Catchment sensitivity to changing climate conditions: the importance of landscape characteristic

Monday, 15 December 2014: 5:30 PM
Claudia Teutschbein1, Reinert Karlsen1, Thomas Grabs1, Hjalmar Laudon2 and Kevin H Bishop1, (1)Uppsala University, Earth Sciences, Uppsala, Sweden, (2)SLU Swedish University of Agricultural Sciences Umeå, Umeå, Sweden
The scientific literature is full of studies analyzing future climate change impacts on hydrology with focus on individual catchments. However, we recently found that hydrologic behavior and specific discharge vary considerably even in neighboring and rather similar catchments under current climate conditions and that these variations are related to landscape characteristics.

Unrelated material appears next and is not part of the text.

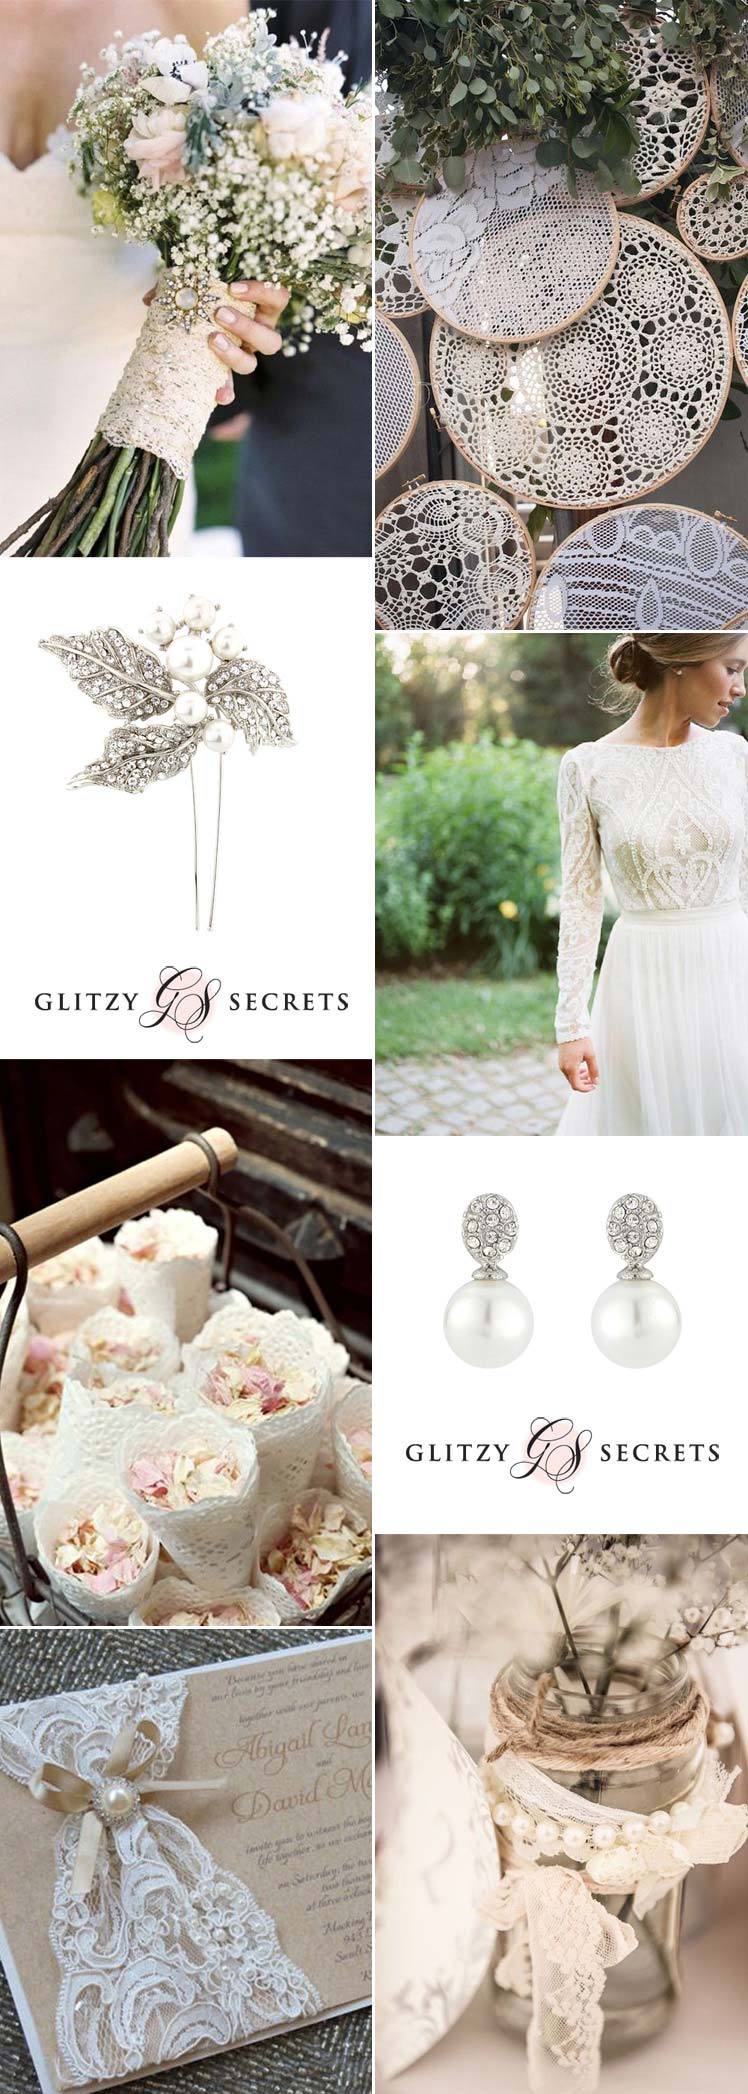 Lace and pearl wedding ideas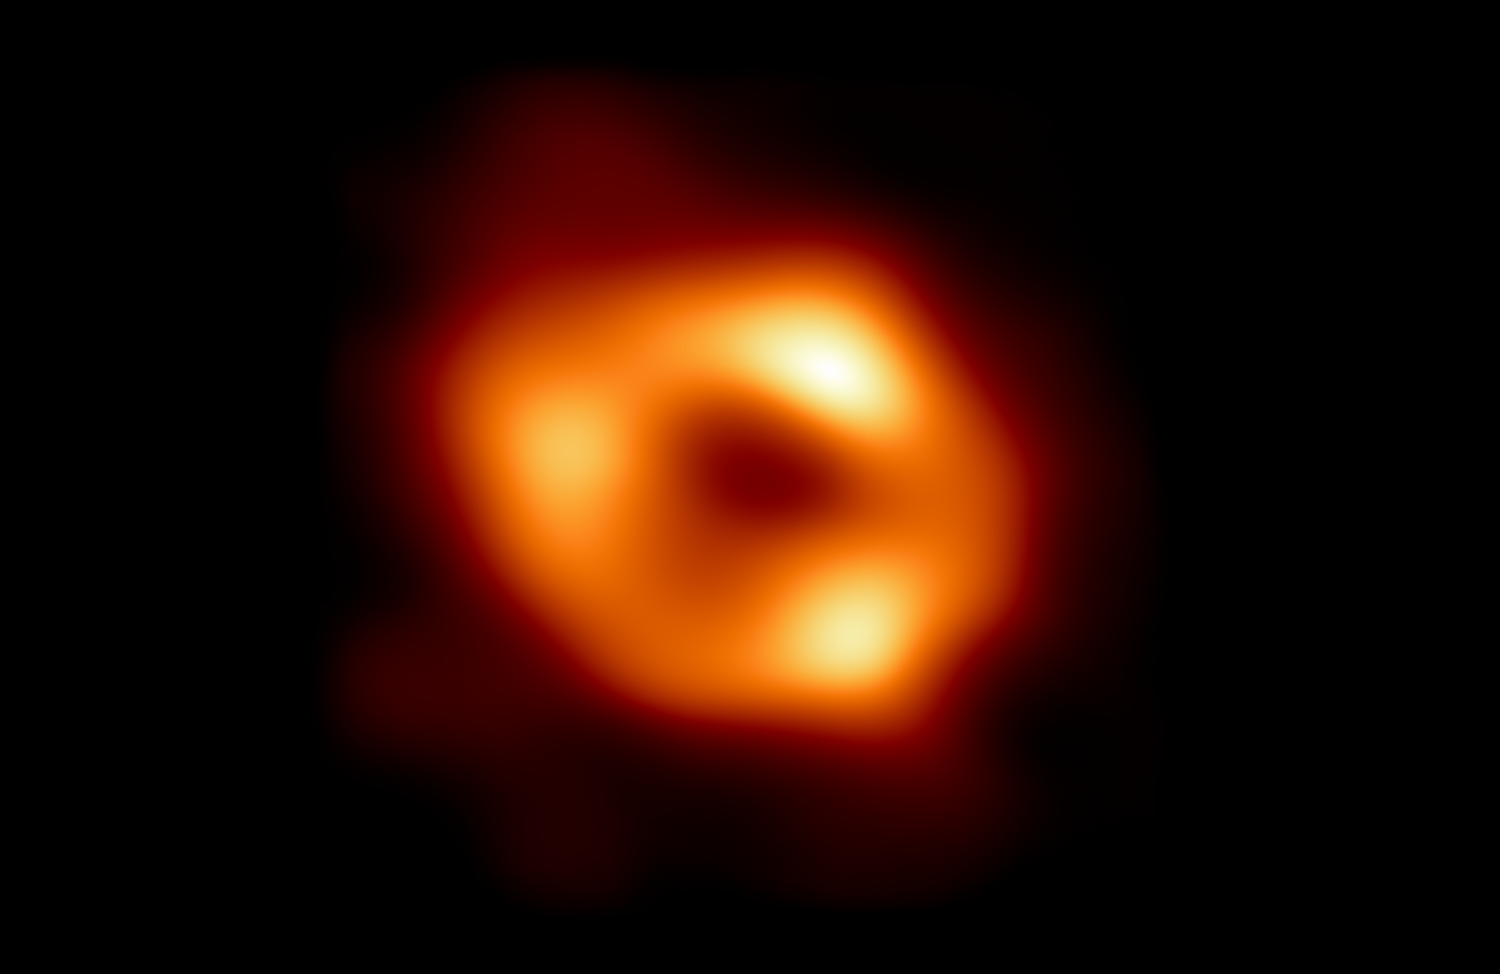 a glowing ring that looks a bit like an orange donut. this ring represents the gas orbiting around the black hole

Therefore we hypothesize that these landscape characteristics also play a fundamental role for the sensitivity of a catchment to changing climate conditions. We analyzed the hydrological response of 14 neighboring catchments in Northern Sweden with slightly different topography, land cover, size and geology. Current (1981-2010) and future (2061-2090) streamflow was simulated with the HBV light model. Climate projections were based on 14 regional climate models (ENSEMBLES EU project) and bias-corrected with a distribution-mapping approach. Our simulations revealed that future spring flood peaks will occur much earlier and decrease by 13 to 32 %, whereas winter base flows will increase slightly. These changes are somewhat expected and mainly triggered by a projected increase in winter temperature, which leads to less snow accumulation on the ground. However, these values also highlight that there is a large variability amongst the catchments in their hydrological response to the same future climate conditions. For example, spring flood peaks in catchments without wetlands decrease by only 13 to 15 %, whereas catchments with wetlands show a spring flood peak reduction of 20 to 32 %. In addition to wetlands, we also identified lakes, peat soils and higher elevations as factors that seem to cause a stronger hydrological response to the climate change signal, whereas catchments dominated by forests, steeper slopes and till soils seem to be less strongly affected by a changing climate. Therefore, our results suggest that the sensitivity of catchments to future climate conditions is strongly linked to landscape characteristics.